Right out the window, he can see 240 West. We left in the middle of the night when I was 16 because not paying the rent had caught up with us and we were about to be evicted. He told us it was better because there were too many ghosts there. I loved that apartment. I left behind so many books I still wish I had. Ed can reflect the place where he raised Suz, Matt, Tim, and me with our mom Pat, and he can visit those ghosts he created.

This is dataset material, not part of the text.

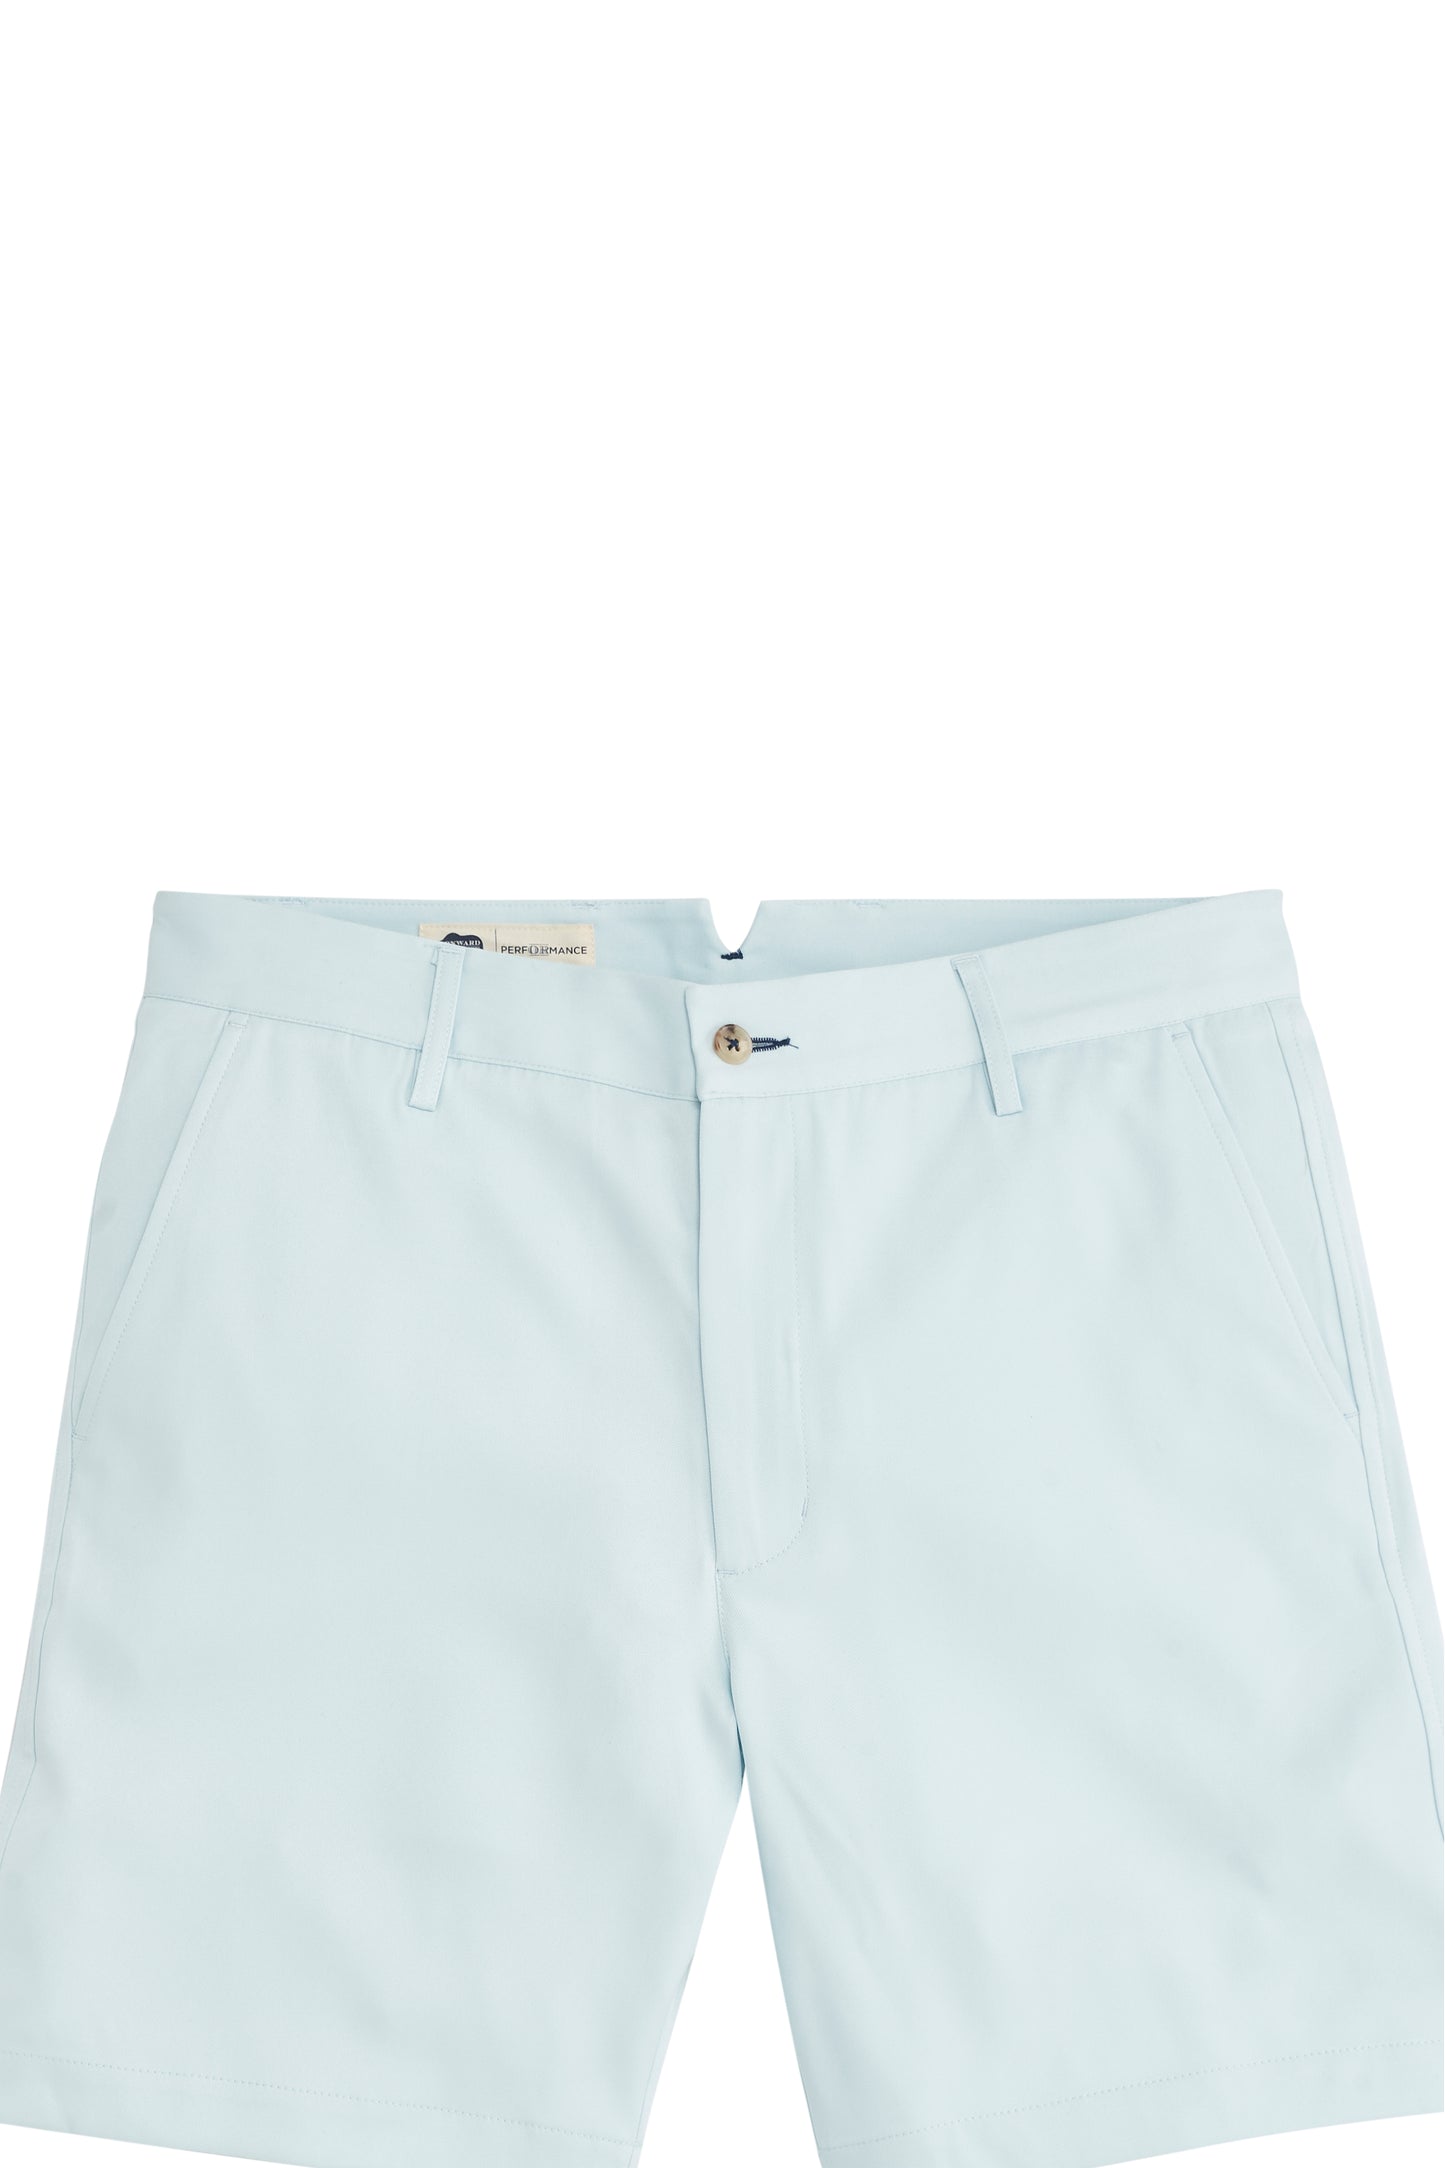 Gimme Performance Golf Shorts - Delicate Blue

Raised is not the right word. He reared us? Attempted to raise us to the best of his ability? My sister's tribute at his memorial showed homage to positive and there were many positives. There were also drastic measures he took to force conformity to the ideals he imposed on us. As extensions of his extremely narcissistic self, his children could each act out fantasies that he could not. He was very proud of the fact that despite brown eyes and curly hair being dominant traits, we all had blue/green eyes and straight hair. We had to speak perfect English. In the guise of WASPs we could go where he could not. He liked to call me his "Cliffy" even though when I actually learned anything in college that contradicted his doctrine, I became the kind of loathsome Cliffy who would have looked down on him. He both hated and loved this country. He wanted us to be all of the icons he revered but pretended that he hated for their exclusivity. Matt was supposed to be a professional hockey player. I was supposed to be the screen actress Ali McGraw or Candace Bergen. Funny, dramatic, all-American. He used to get very annoyed at me when my glasses slipped down on my face. Like him, I have no semblance of a bridge on my nose. It never made any difference to me but it seemed to emphasize the wideness and remind him of what he thought was ugly in himself. It was as if I was mocking him by letting my glasses slide down on purpose. I don't know. I actually grew up thinking I was ugly because of those features.

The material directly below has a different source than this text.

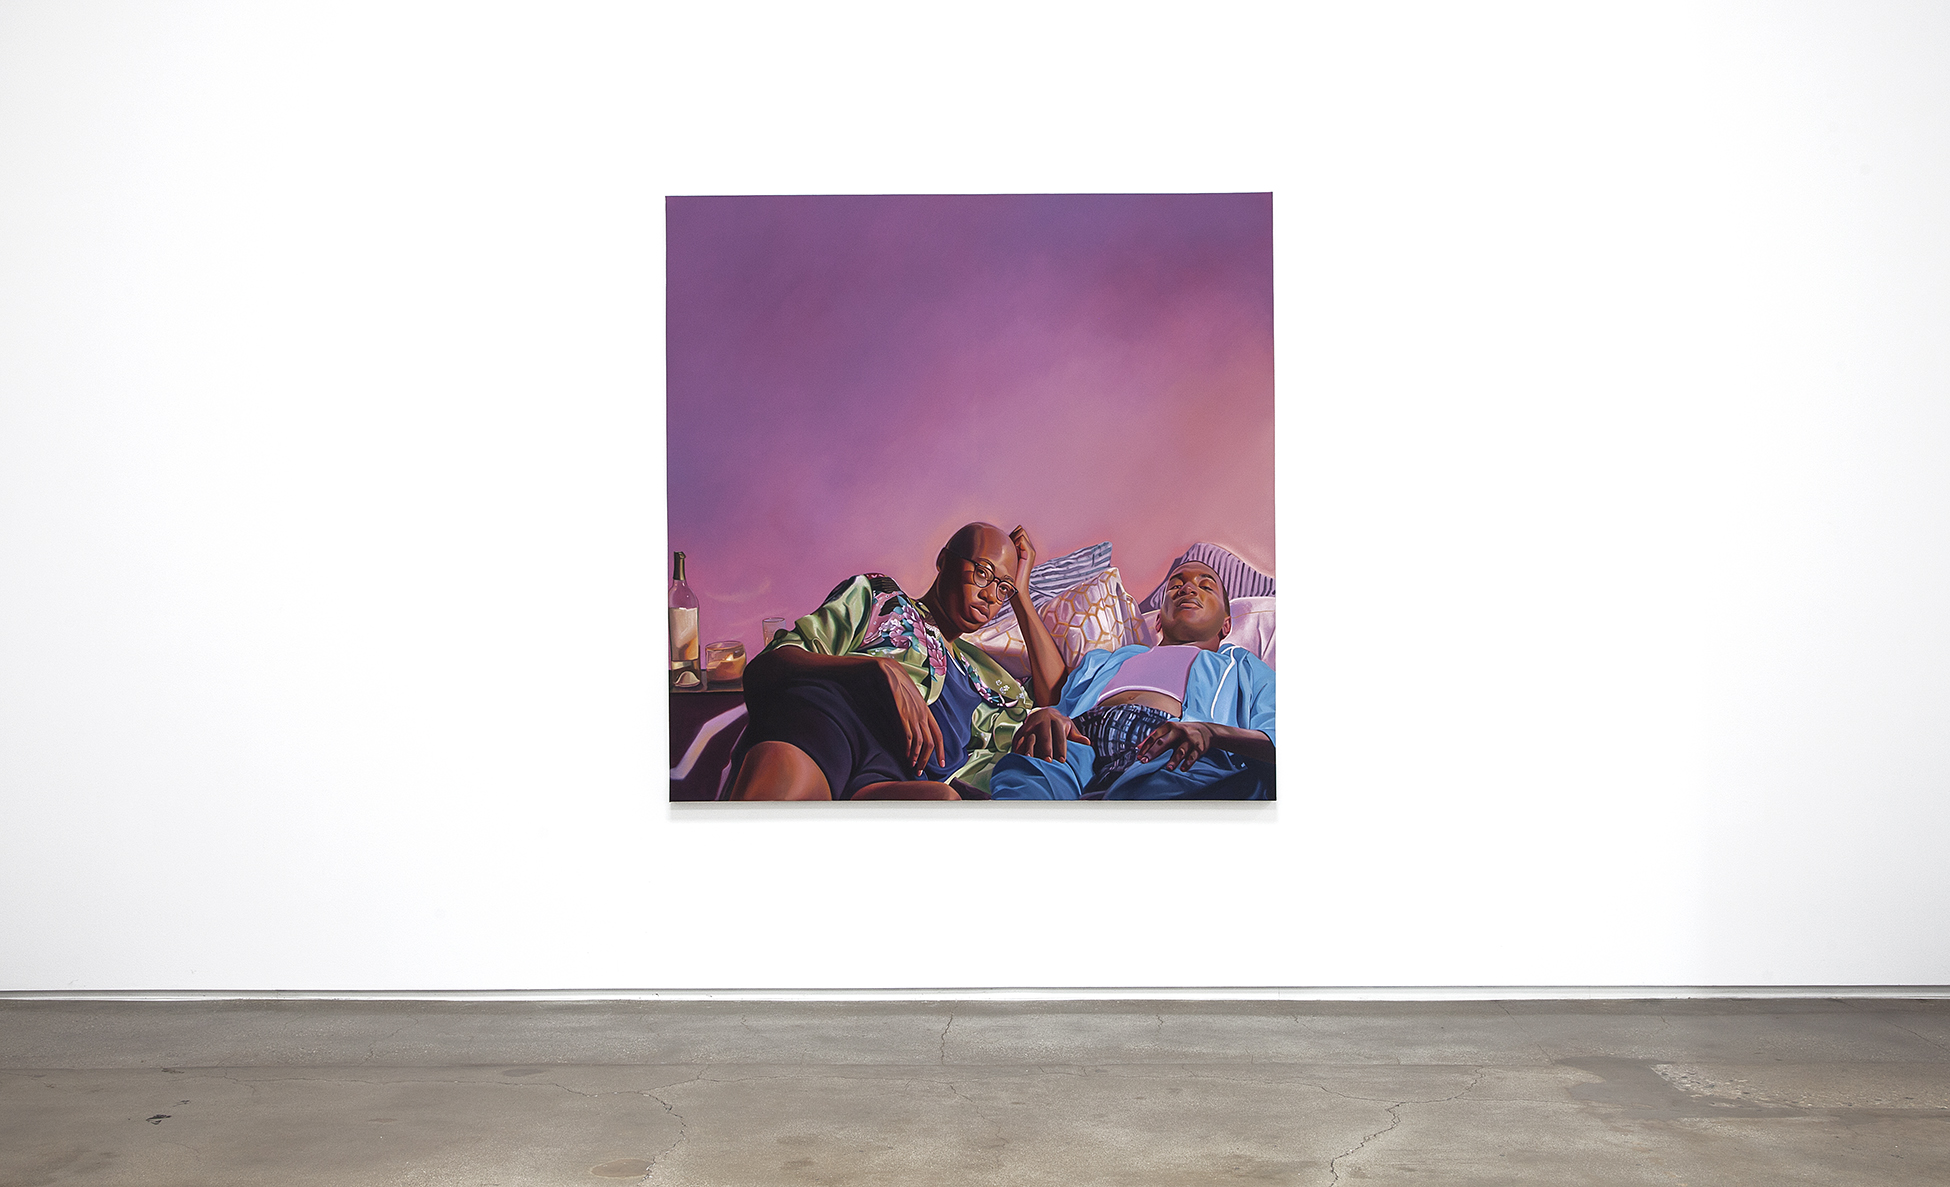 Jarvis Boyland, "On Hold," Installation view

I love aging because I feel like I do not have to worry about whether or not anyone thinks I am attractive anymore. Who I am is much more about what I do and say. What was I thinking in this picture? I know it is probably my lunch in the bag but I am imagining it is something different because my face is saying, “I have a secret.”

Monday, November 3, 2008

The Brief Wondrous Life of Edgardo Vega


He was on page 16 of the Pulitzer Prize winning novel by Junot Diaz. Irony? He had written his agent's number on a napkin in legible handwriting. He had a box cutter and some money, three loose keys, about 25 of his own business cards. Where was he going when he fainted? He had some glucose tabs and that was it. No wallet. No cellphone. The box cutter was to clip the baseball standings from the paper. It is such a shame. His mind was still so sharp. He had so many words to say and now his voice is silenced. Yesterday the sparrows were chirping up a storm in this one tree and even though it was so long ago I still remember Steven King writing that sparrows are psychopomps, harbingers of the dead. So I listened to them. I listened for Ed's voice, for a sign, a message. I think he might have said, "Don't return my cable box yet. The Rangers are on a roll."